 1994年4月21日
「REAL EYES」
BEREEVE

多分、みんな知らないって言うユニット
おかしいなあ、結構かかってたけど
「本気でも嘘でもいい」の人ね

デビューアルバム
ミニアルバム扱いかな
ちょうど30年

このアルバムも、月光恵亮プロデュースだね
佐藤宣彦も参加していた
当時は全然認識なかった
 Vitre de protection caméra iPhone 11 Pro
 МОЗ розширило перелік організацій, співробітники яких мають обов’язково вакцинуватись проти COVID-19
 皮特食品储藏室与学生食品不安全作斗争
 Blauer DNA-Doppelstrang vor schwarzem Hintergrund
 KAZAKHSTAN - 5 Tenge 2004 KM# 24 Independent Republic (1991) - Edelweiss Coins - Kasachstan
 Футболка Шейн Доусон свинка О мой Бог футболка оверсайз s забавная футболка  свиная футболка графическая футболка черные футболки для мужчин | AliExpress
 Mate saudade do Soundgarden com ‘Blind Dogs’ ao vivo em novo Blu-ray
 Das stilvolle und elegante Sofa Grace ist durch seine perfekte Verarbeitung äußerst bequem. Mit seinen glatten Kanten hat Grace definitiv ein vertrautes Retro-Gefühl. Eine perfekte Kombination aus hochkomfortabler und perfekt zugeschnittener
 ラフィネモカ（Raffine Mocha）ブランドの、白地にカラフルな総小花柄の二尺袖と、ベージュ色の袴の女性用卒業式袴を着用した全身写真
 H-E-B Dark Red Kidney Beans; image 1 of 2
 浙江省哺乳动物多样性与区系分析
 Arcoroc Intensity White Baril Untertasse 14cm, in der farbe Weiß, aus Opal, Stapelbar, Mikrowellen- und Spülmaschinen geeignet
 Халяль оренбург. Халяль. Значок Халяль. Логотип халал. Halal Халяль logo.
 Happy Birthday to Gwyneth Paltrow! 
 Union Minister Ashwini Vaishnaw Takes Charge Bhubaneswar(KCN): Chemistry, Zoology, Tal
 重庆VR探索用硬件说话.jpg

DESCRIPTION OF THE TASK ::
Beginning with the line that holds "МОЗ розширило перелік" and ending with the last line of the listing, output every line exactly. Leave out everything else.

FINISHED TASK ::
 МОЗ розширило перелік організацій, співробітники яких мають обов’язково вакцинуватись проти COVID-19
 皮特食品储藏室与学生食品不安全作斗争
 Blauer DNA-Doppelstrang vor schwarzem Hintergrund
 KAZAKHSTAN - 5 Tenge 2004 KM# 24 Independent Republic (1991) - Edelweiss Coins - Kasachstan
 Футболка Шейн Доусон свинка О мой Бог футболка оверсайз s забавная футболка  свиная футболка графическая футболка черные футболки для мужчин | AliExpress
 Mate saudade do Soundgarden com ‘Blind Dogs’ ao vivo em novo Blu-ray
 Das stilvolle und elegante Sofa Grace ist durch seine perfekte Verarbeitung äußerst bequem. Mit seinen glatten Kanten hat Grace definitiv ein vertrautes Retro-Gefühl. Eine perfekte Kombination aus hochkomfortabler und perfekt zugeschnittener
 ラフィネモカ（Raffine Mocha）ブランドの、白地にカラフルな総小花柄の二尺袖と、ベージュ色の袴の女性用卒業式袴を着用した全身写真
 H-E-B Dark Red Kidney Beans; image 1 of 2
 浙江省哺乳动物多样性与区系分析
 Arcoroc Intensity White Baril Untertasse 14cm, in der farbe Weiß, aus Opal, Stapelbar, Mikrowellen- und Spülmaschinen geeignet
 Халяль оренбург. Халяль. Значок Халяль. Логотип халал. Halal Халяль logo.
 Happy Birthday to Gwyneth Paltrow! 
 Union Minister Ashwini Vaishnaw Takes Charge Bhubaneswar(KCN): Chemistry, Zoology, Tal
 重庆VR探索用硬件说话.jpg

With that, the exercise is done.